Although the records contain pictures, print none of them; print exactly the lines from the one with "Estate / Collection: The" through the last line.

(Dataset items)
Start of Block
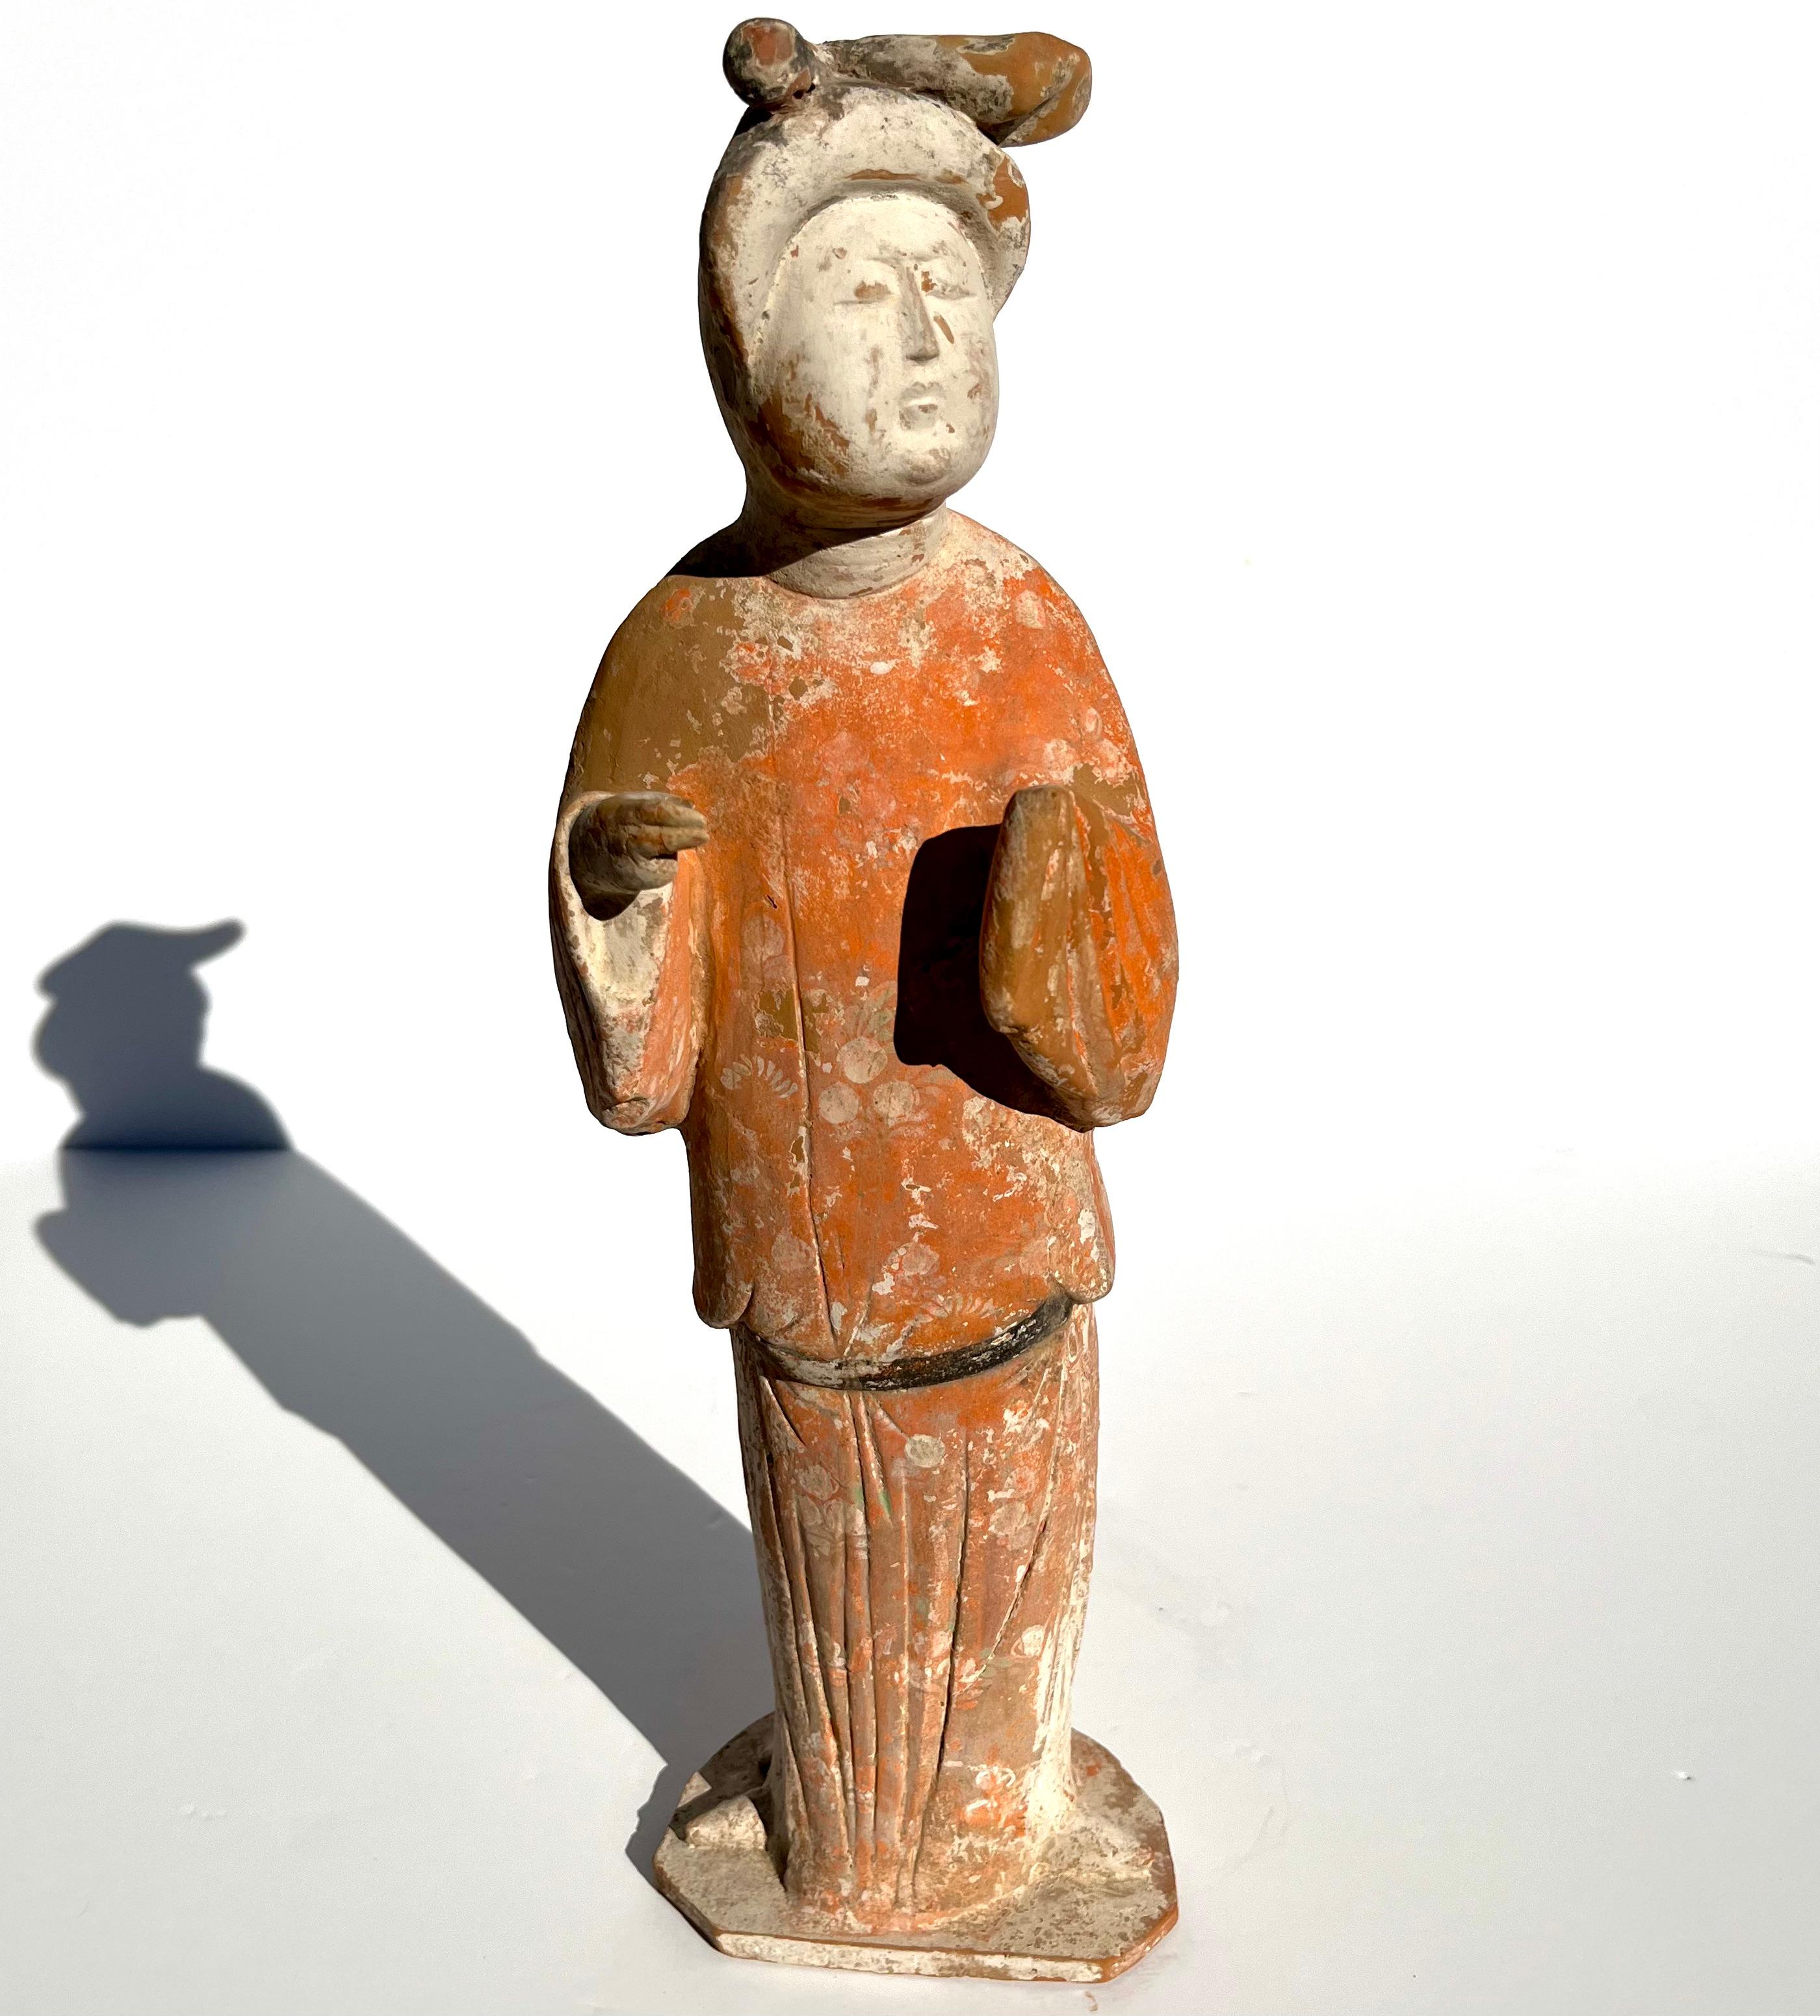 Tang Dynasty Painted Pottery Figure of a Fat Lady or Female Courtesan.
Period (618 - 907AD)

Estate / Collection: The Collection of Jay I. Kislak sold to benefit the Kislak Family Foundation

A painted pottery fat lady in orange an white robe with
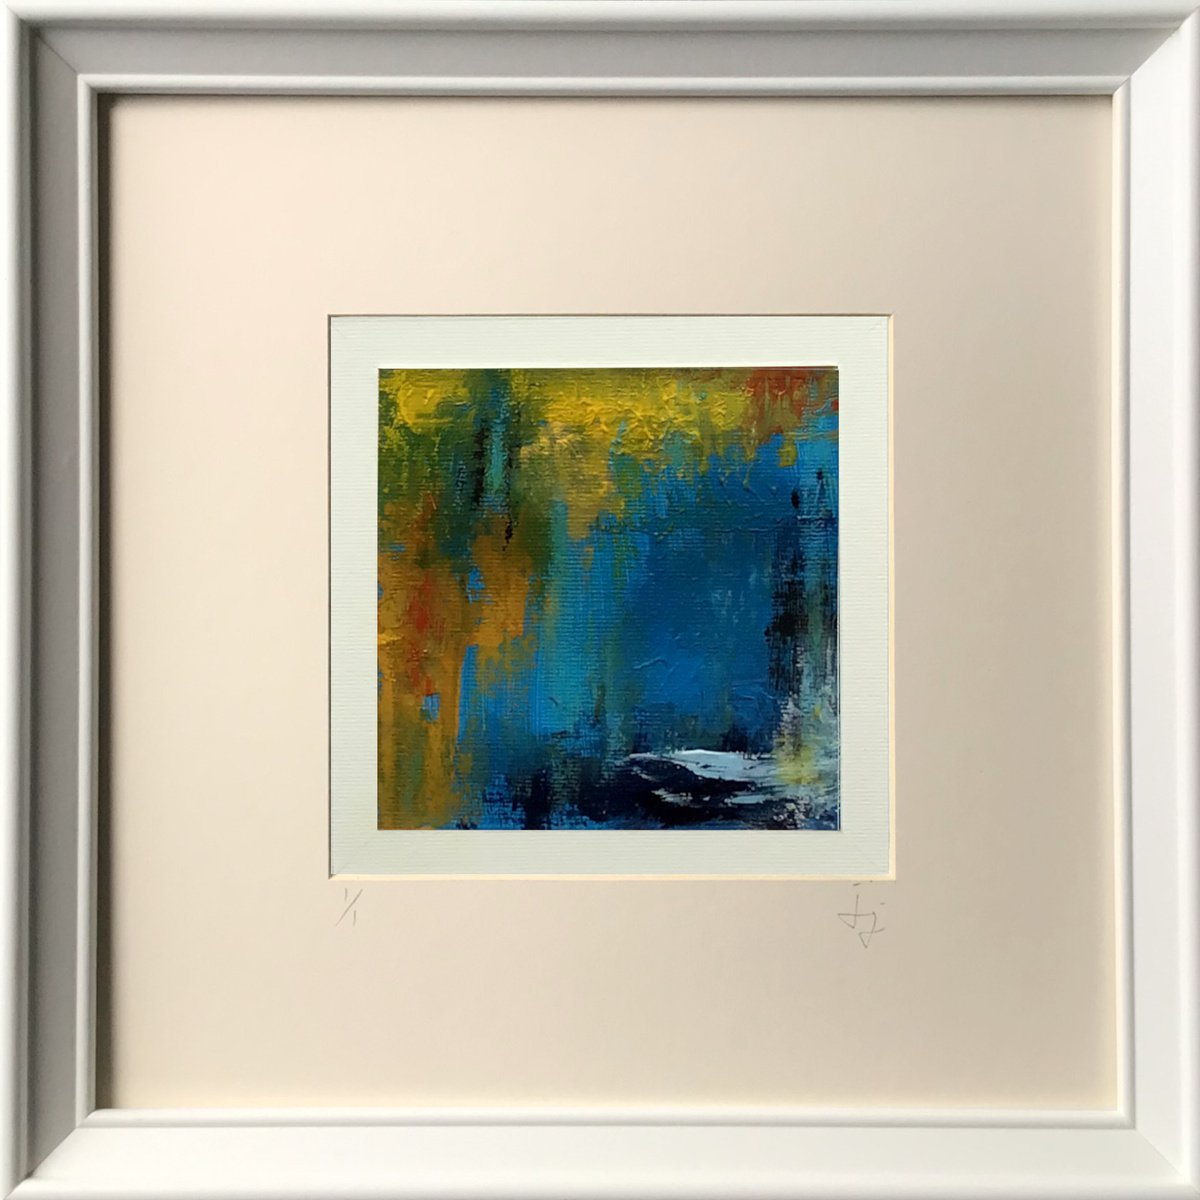 Fuse 4 (Blue) - Framed, ready to hang painting by Jon Joseph
End of Block
# [Solution]
Estate / Collection: The Collection of Jay I. Kislak sold to benefit the Kislak Family Foundation

A painted pottery fat lady in orange an white robe with
 Fuse 4 (Blue) - Framed, ready to hang painting by Jon Joseph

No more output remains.